CCPO Fall 2016 Seminar Series - Sept. 26
CCPO and ODU Resilience Collaborative
Fall 2016 Seminar
Monday, 26 September 2016
3:30 p.m., Conference Center
First Floor, IRB II
4211 Monarch Way
Web streaming link:
http://www.ccpo.odu.edu/seminar.html
or
http://vs.odu.edu/kvs/interface/?cid=201530_CCPOSeminarSeriesVS_96096
The next seminar is co-sponsored by the ODU Resilience Collaborative and will be presented by Dr. Andrew Keeler from the Coastal Studies Institute and Department of Economics, East Carolina University. Dr. Keeler’s research interests are in environmental and natural resource economics, climate change economics, and public policy. His current research is on public policy aspects of adaptation to environmental change. His seminar will consider aspects of short term and long term adaptations to sea level rise and the trade-offs associated with implementing a this type of approach.
More information on Dr. Keeler’s research is available at:
http://www.ecu.edu/cs-cas/econ/andrew-keeler.cfm
and
http://coastalstudiesinstitute.org/about/faculty-and-staff/andy-keeler/
Dr.

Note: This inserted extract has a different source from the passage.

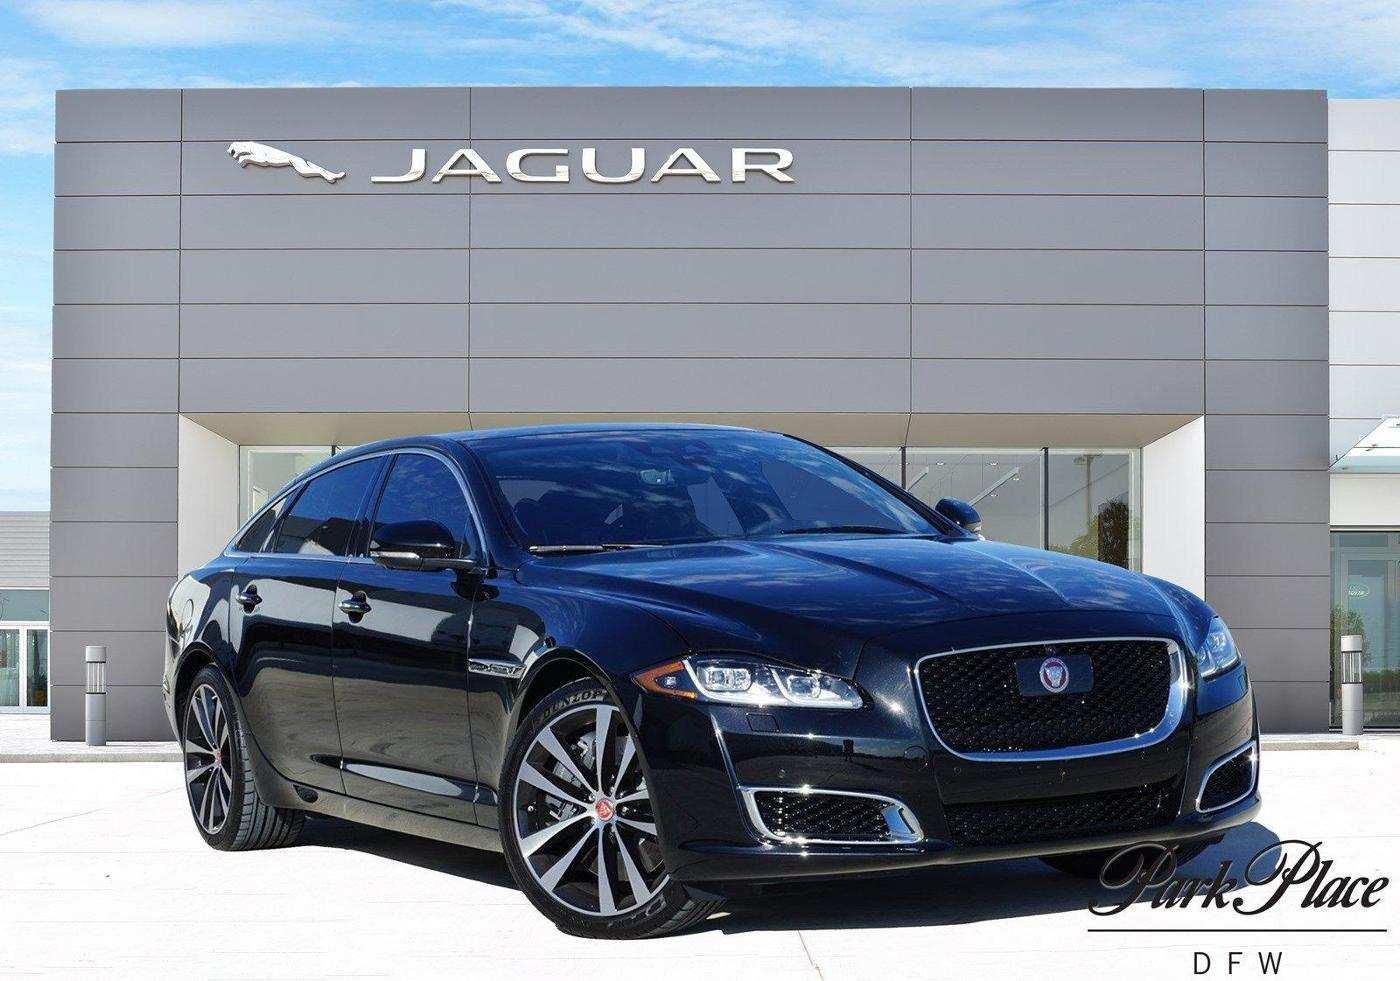 49 New Xj Jaguar 2019 Prices by Xj Jaguar 2019

Keeler will be at ODU on Monday. If you would like to schedule time to talk with him, please contact Michelle Covi (mcovi@odu.edu) or Eileen Hofmann (hofmann@ccpo.odu.edu).
Coffee and cookies are available prior to the seminar at 3:00 p.m.
Everyone is encouraged to attend the seminar.
_______________________
Title: Adapting to Sea Level rise in the Short Run and the Long Run: Markets, Choices, and Public Policy
Abstract
Adapting to sea level rise is a complex process that takes place through both public and private decisions, influenced by policies from different and overlapping levels of government, and perhaps most crucially over multiple time scales. Our particular interest is in the tension between short-run adaptation through risk-reducing expenditures and the long-run need for discontinuous responses like large-scale relocation. We approach this topic through examining the interaction of private choices mediated by markets, and public policies toward infrastructure and risk management. We present a model structure and strategy that we believe is both rich enough and sufficiently tractable to begin to make progress on the key determinants of the benefits and costs of alternative policy approaches.
Biography
Andy Keeler heads the University of North Carolina Coastal Studies Institute’s program in public policy, is a professor in the Department of Economics at East Carolina University, and is Director of UNC-CH’s Outer Banks Field Site. He previously held faculty positions at the University of Georgia and the Ohio State University. Keeler served as the Senior Staff Economist for Environment at the President’s Council of Economic Advisers (2000–2001) where he was a member of the US negotiating team for climate change and a diplomatic representative to OECD meetings on coordinating national sustainability policies. He served on the White House climate change policy teams under both President Clinton and President Bush. Keeler has also worked as a senior economist at the Environmental Protection Agency’s Innovative Strategies and Economics Group (1999-2000) and for the United Nations Food and Agricultural Organization in Tanzania (1982-1985). He has served in advisory capacities to legislative and executive agencies in Georgia, Florida, and Ohio, and advised the National Association of Regulatory Utility Commissioners on climate change policy. Keeler received a B.A. in Economics for UNC-Chapel Hill and a Ph.D. in Resource Economics from the University of California-Berkeley.